Start of Input data
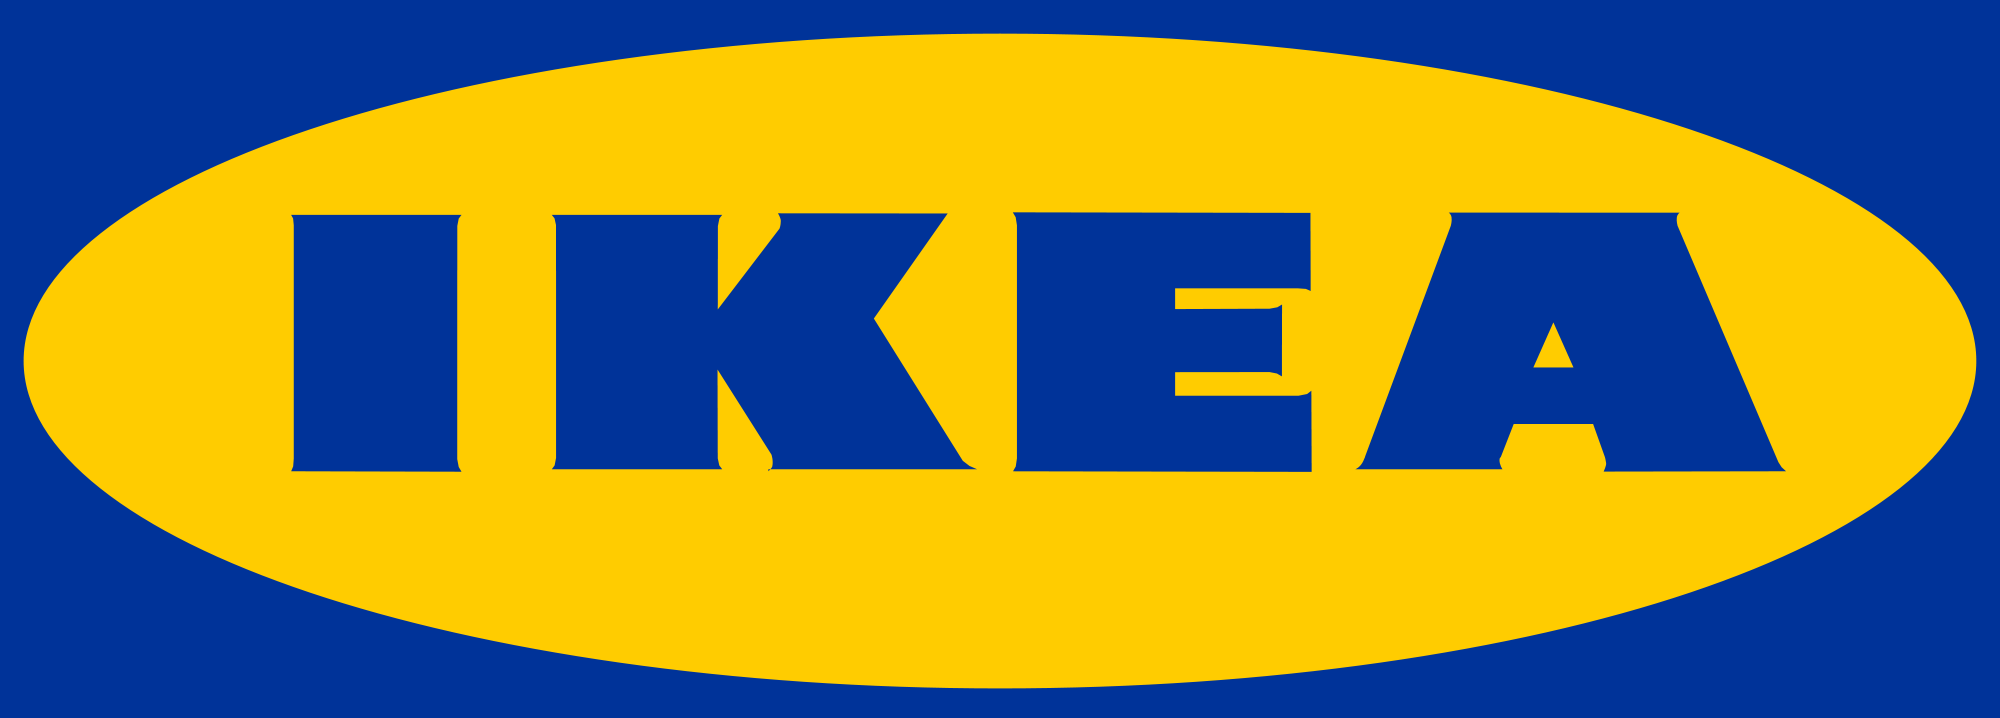 logo de la marque Ikea
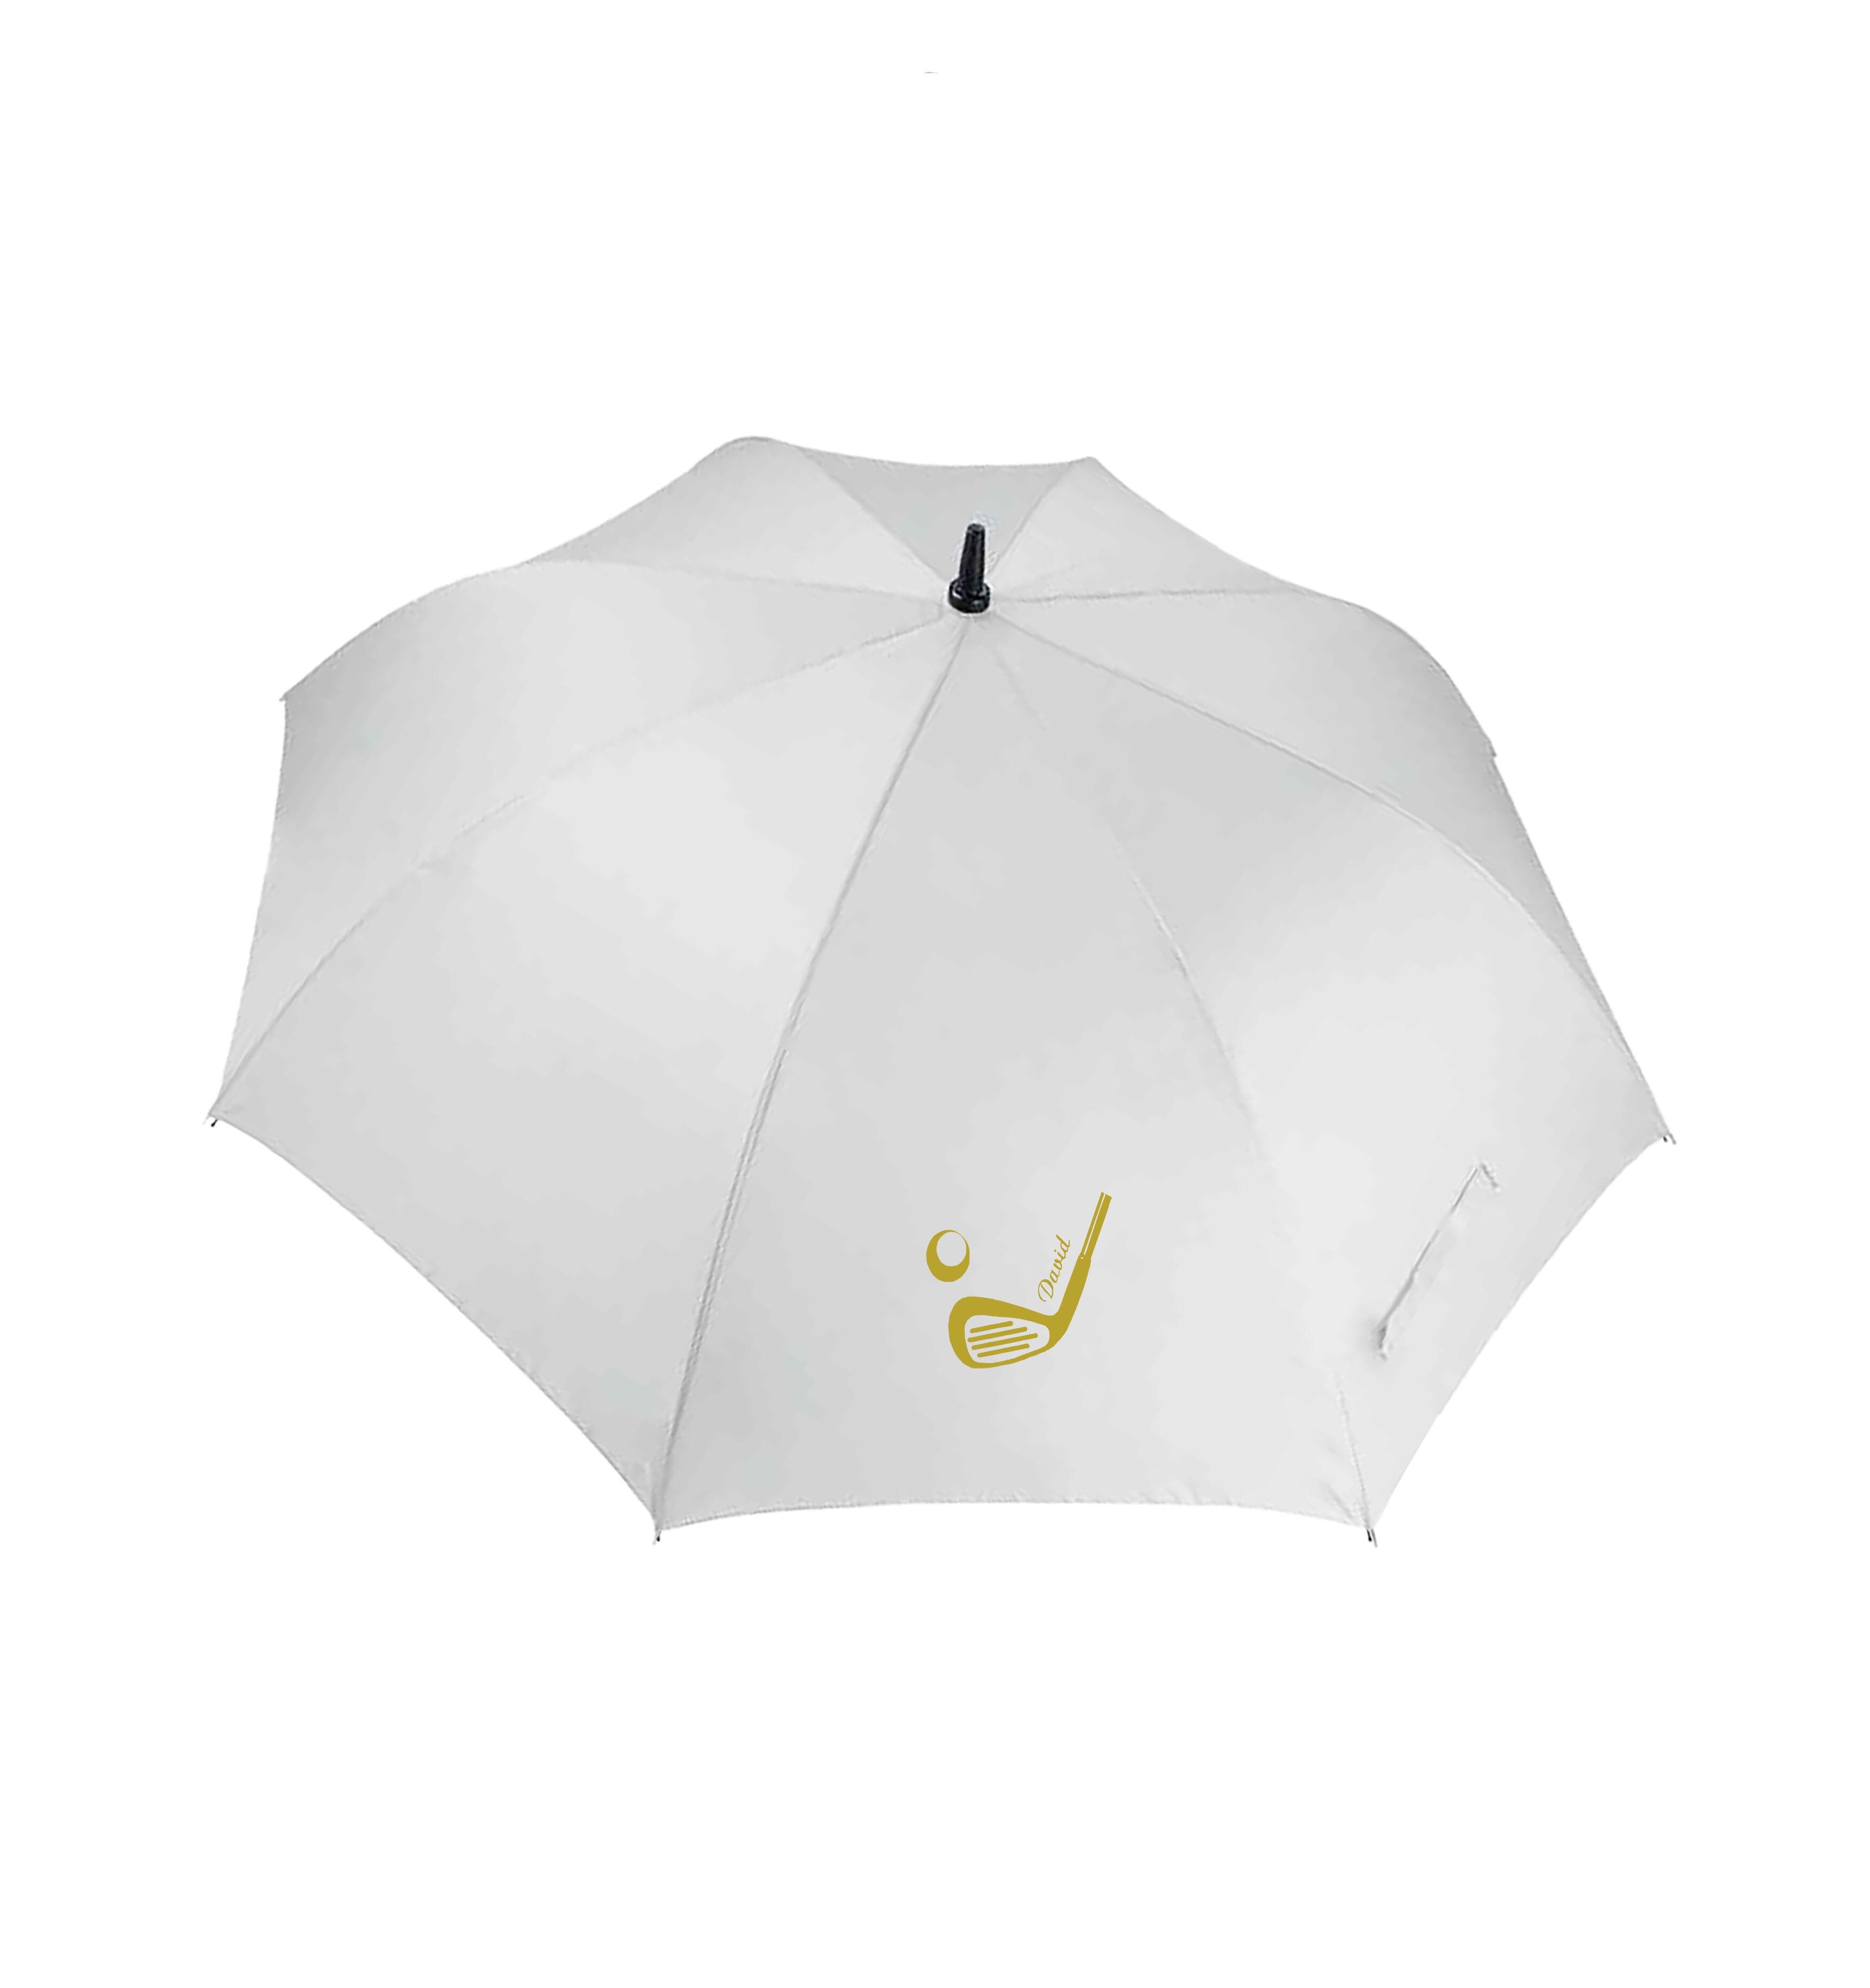 Golf Club Design Large Golf Umbrella White
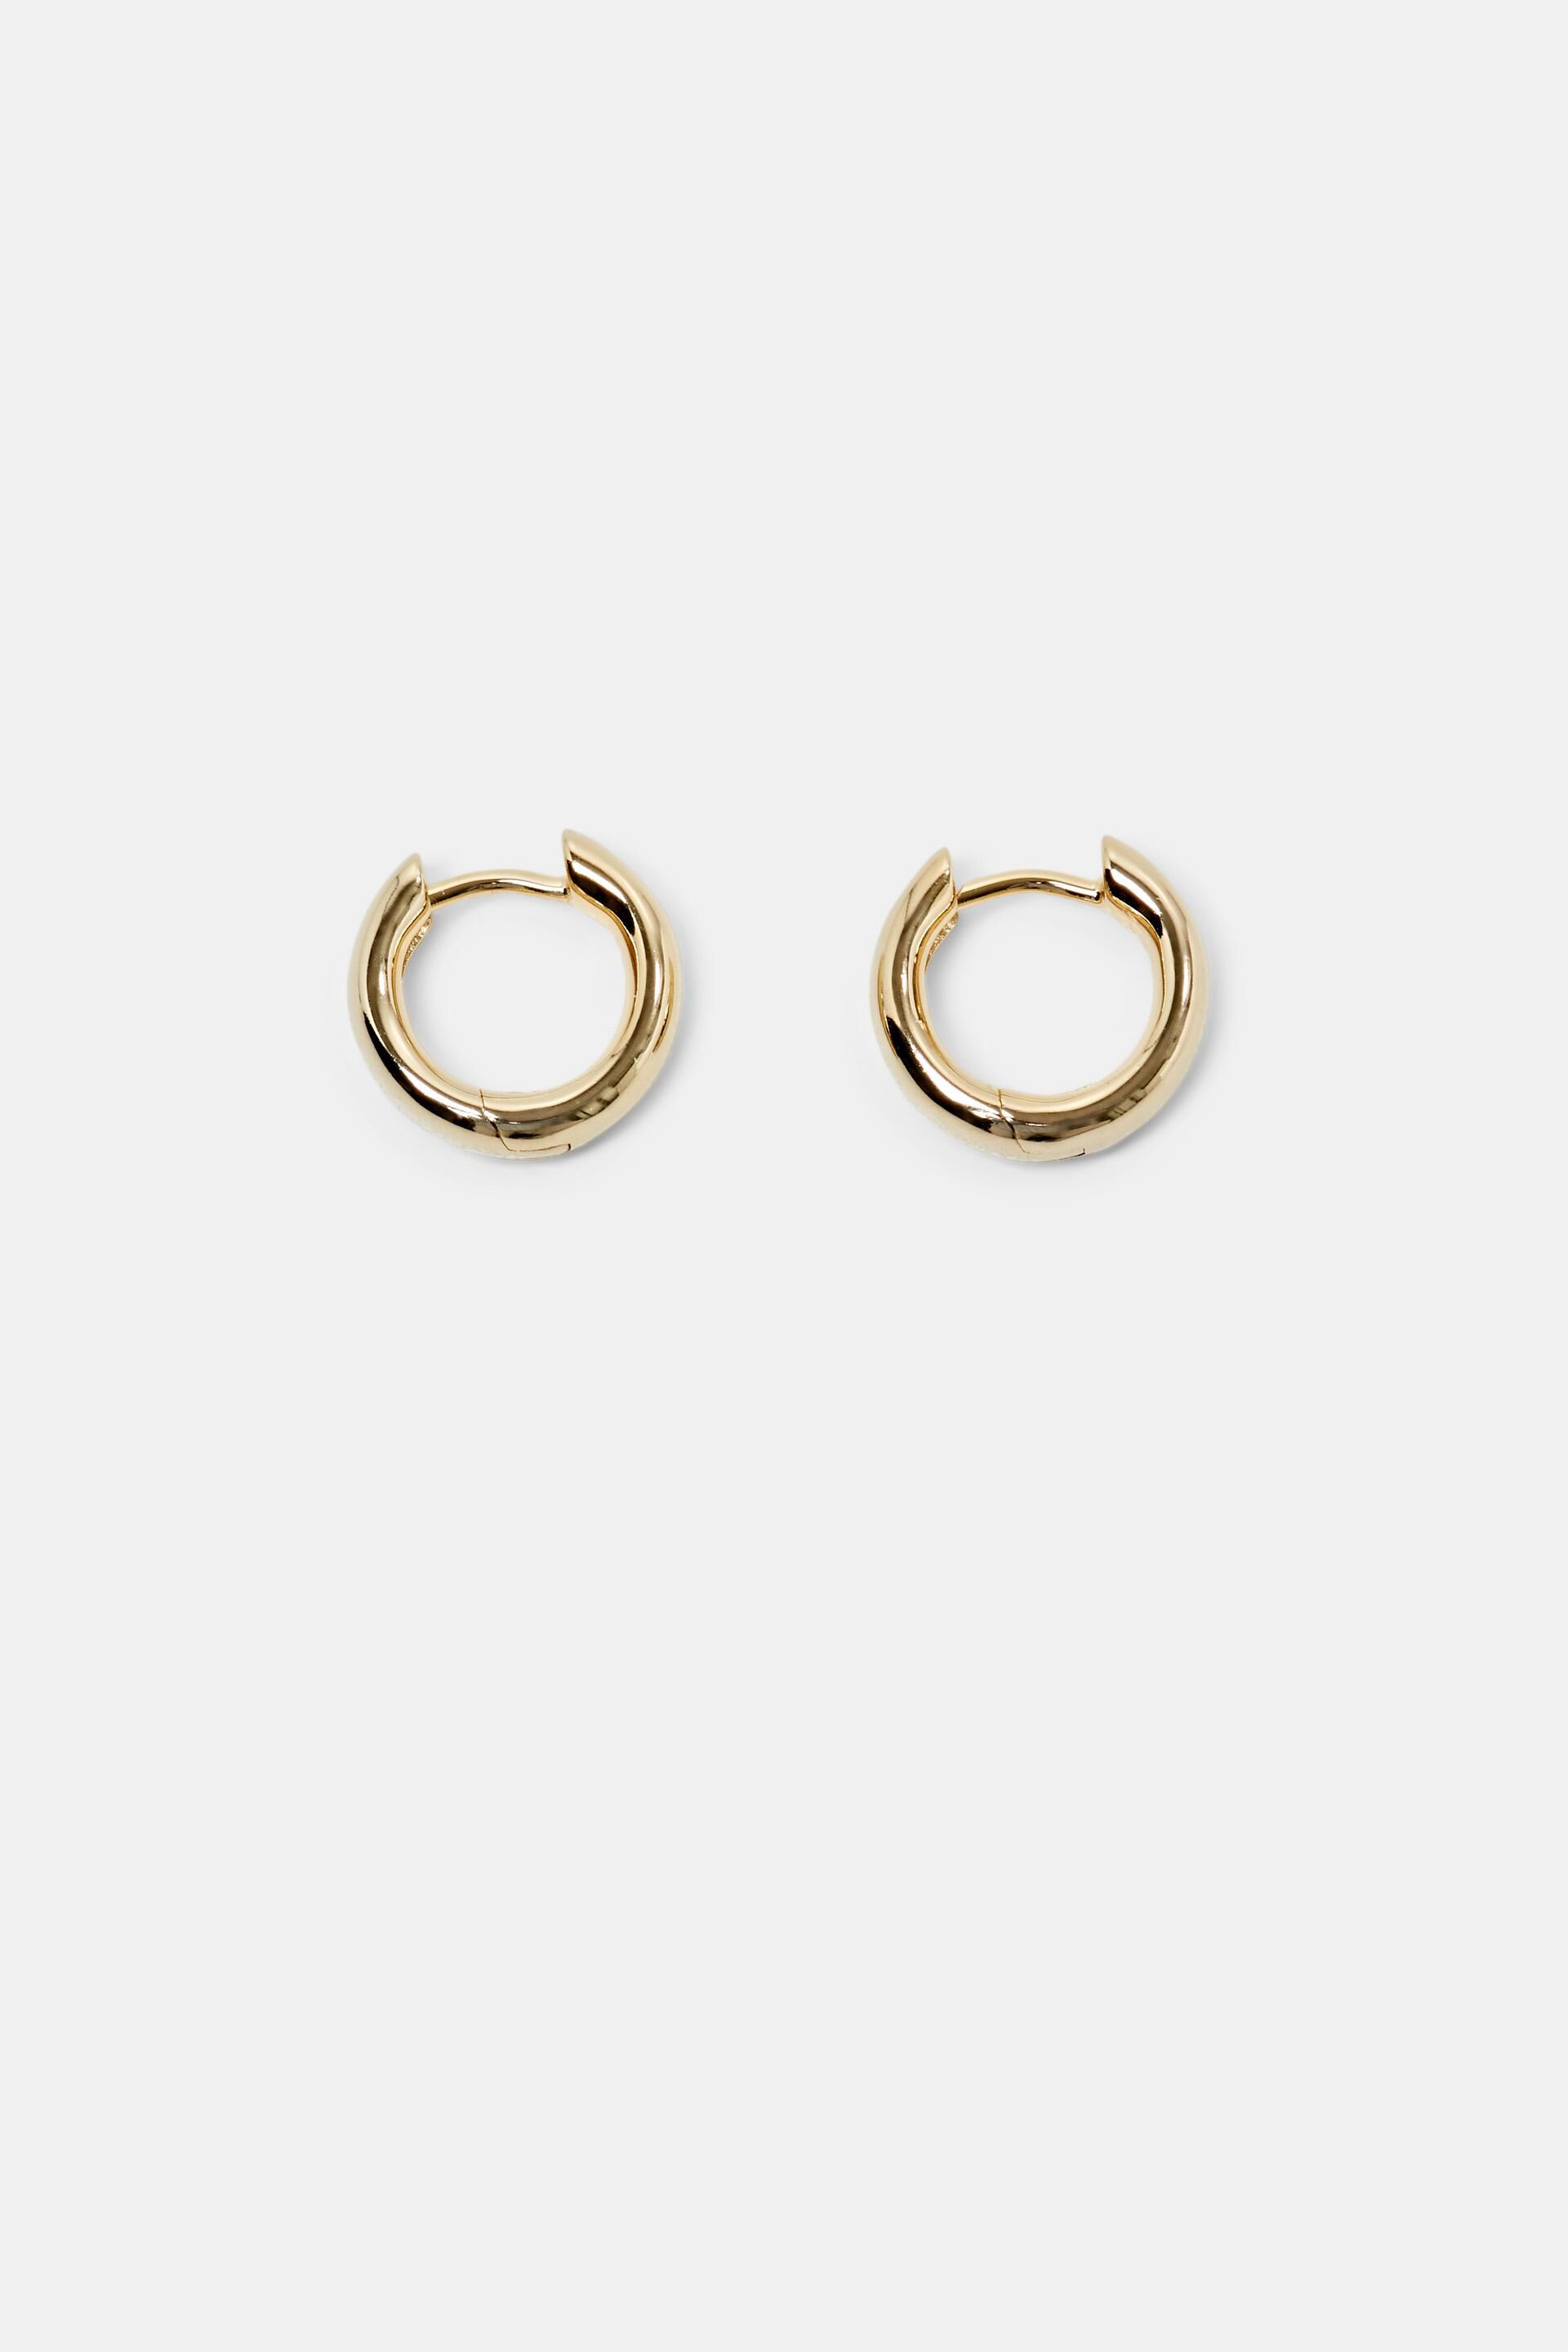 Esprit Silver Sterling Earrings Huggie Gold-Tone Hoop
End of Input data
Work item:
The reply should consist of the listing restated word for word, with its pictures removed.

Completed exercise:
 logo de la marque Ikea
 Golf Club Design Large Golf Umbrella White
 Esprit Silver Sterling Earrings Huggie Gold-Tone Hoop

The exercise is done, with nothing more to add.